All of the code is available on GitHub and is work that will shortly be present in the official Akka release.

Brief look into Akka internals

Akka is a toolkit comprised of a set of libraries designed to facilitate the engineering of scalable, highly concurrent and resilient systems that can span processors cores and networks. Akka achieves most of that through hiding low level concurrency primitives such as locks, semaphores and other synchronization tools behind higher level abstractions.

Actors in a nutshell

The main idea that powers Akka is a concurrency programming paradigm called the Actor Model. This model was invented by Carl Hewitt and has gained popularity and recognition in modern day computing as a mean to address concurrent programming in an effective, less error prone fashion. The model provides an abstraction that lets one think about their code in terms of communication patterns, powered by asynchronous message exchange. This enables developers to write code without the need to concern themselves with issues such as memory visibility or mutual exclusion. To achieve that, however, there has been significant engineering effort carried out. Often times it is useful to know the basics of what lies beneath the abstraction in order to better understand when and how to use the toolkit. Actors are entities which communicate through exchanging messages. They provide certain guarantees when it comes to their message driven communication, thereby allowing for abstracting away problems common in concurrent programming. To accomplish that actors have:

  • A Mailbox (the queue where messages go).
  • A Behavior (the state of the actor, internal variables etc.).
  • Messages (pieces of data representing a signal, similar to method calls and their parameters).
  • An Execution Context (the machinery that takes actors that have messages to process, schedules them and executes their message handling code).

Lifecycle of a message

As messages are the main facility through which the state of an actor is accessed it is useful to get a better understanding of how they actually flow through an actor system.

Message Lifecycle

As it is apparent from the diagram, messages are sent to an actor through an ActorRef. A component called Dispatcher is responsible for placing the messages onto the actor’s Mailbox which is essentially backed by queue data structure. The Dispatcher is again responsible for running the mailbox at a certain point. As the mailbox itself is an implementation of the Runnable interface, it is simply scheduled onto the ExecutorService implementation backing up the Dispatcher. At that point one of the available threads executes the run() method of the mailbox which simply dequeues the message and passes it through the message processing logic of the current actor. When we strip the details of delivery guarantees, message processing fairness and scheduling, all of this boils down to a Consumer-Producer problem backed by a pool of reusable threads.

Dispatchers

At the time of writing this blog post, there are three types of dispatchers one might use and they exhibit quite different characteristics:

  • Default Dispatcher - an event-based dispatcher that binds a set of Actors to a thread pool. It is the default dispatcher used if one is not specified.
  • Pinned Dispatcher - it will guarantee that each actor will have its own thread pool with only one thread in the pool.
  • Calling Thread Dispatcher - runs invocations on the current thread only, which is useful in tests where concurrency needs to be eliminated in order to ensure full determinism. We are not going to go into the details of the configuration options for a Dispatcher as this is explained in the Akka docs.
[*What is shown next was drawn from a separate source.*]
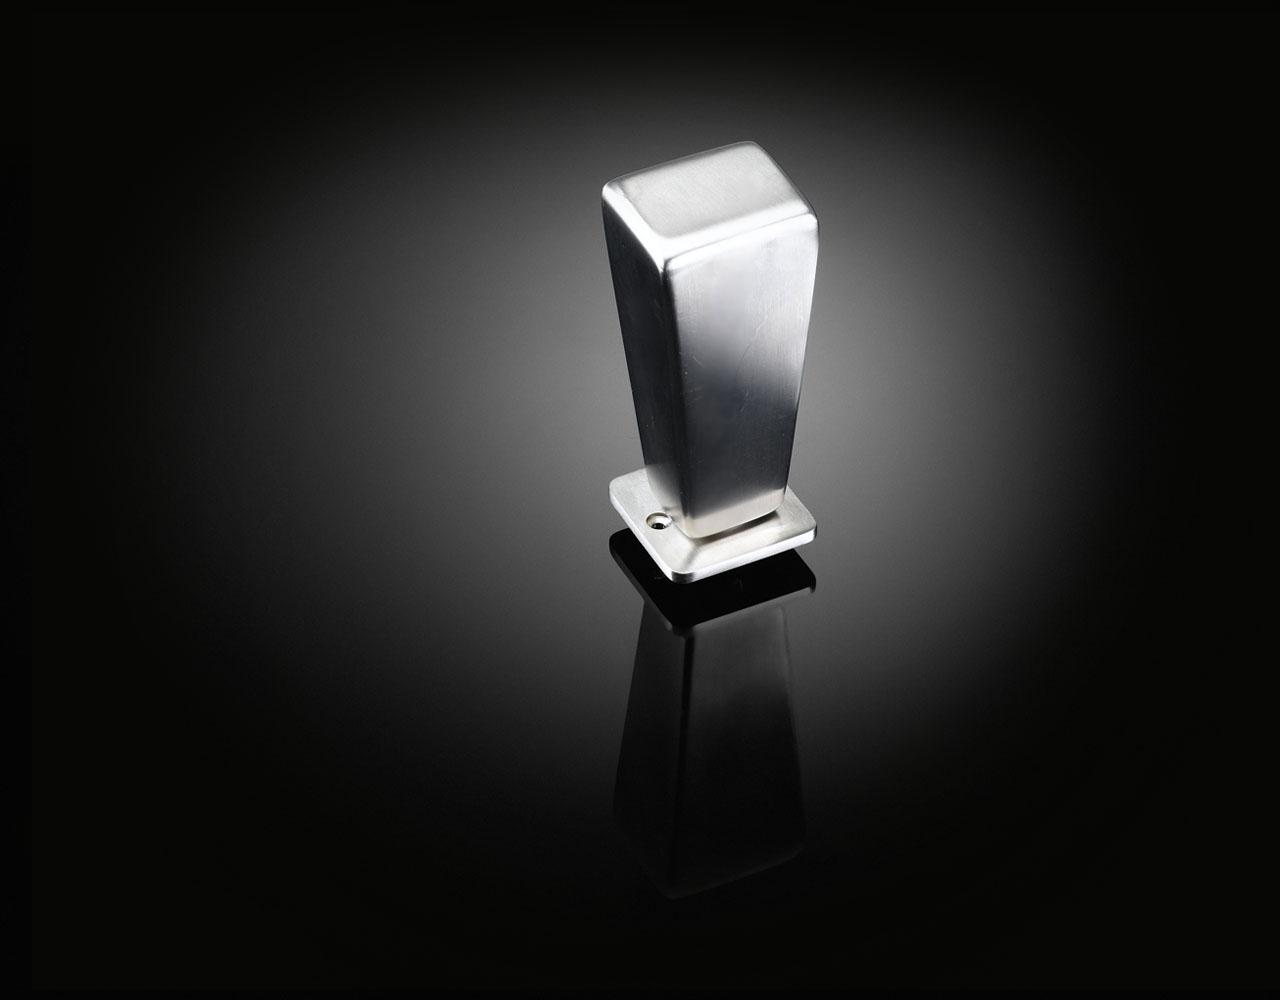 Luxury door knob designed by David Adjaye in satin stainless steel finish supplied by izé DAK01

One very important setting to take into consideration, however, is the throughput configuration parameter. It will become clear why this is important later in the article. For now, all you need to know is that this parameter defines the maximum number of messages to be processed per actor before the thread jumps to the next actor. Default is set to 1 for maximum fairness. Setting the value higher minimizes thread context switches and will improves throughput. On the other hand, it might harm average actor latency as some actors will have to queue and wait for available CPU time.

Deeper look into thread pools

As already mentioned, a Dispatcher relies on a collection of threads in order to execute the message handling code. In theory any pool can be plugged in as long as it is implementing the ExecutorService interface. In practice, however, the two most often used implementations are the ones coming to Scala from Java:

  • ForkJoinPool - A thread pool implementation which relies on lock-free queues and work stealing. All threads in the pool attempt to find and execute tasks submitted to the pool and/or created by other active tasks (eventually blocking waiting for work if none exist). This enables efficient processing when most tasks spawn other subtasks (as do most ForkJoinTask jobs), as well as when many small tasks are submitted to the pool from external clients.
  • ThreadPoolExecutor - A thread pool which uses a shared thread safe LinkedBlockingQueue to store submitted tasks and relies on a configurable number of threads to process them. This pool is a typical example of a producer consumer pattern.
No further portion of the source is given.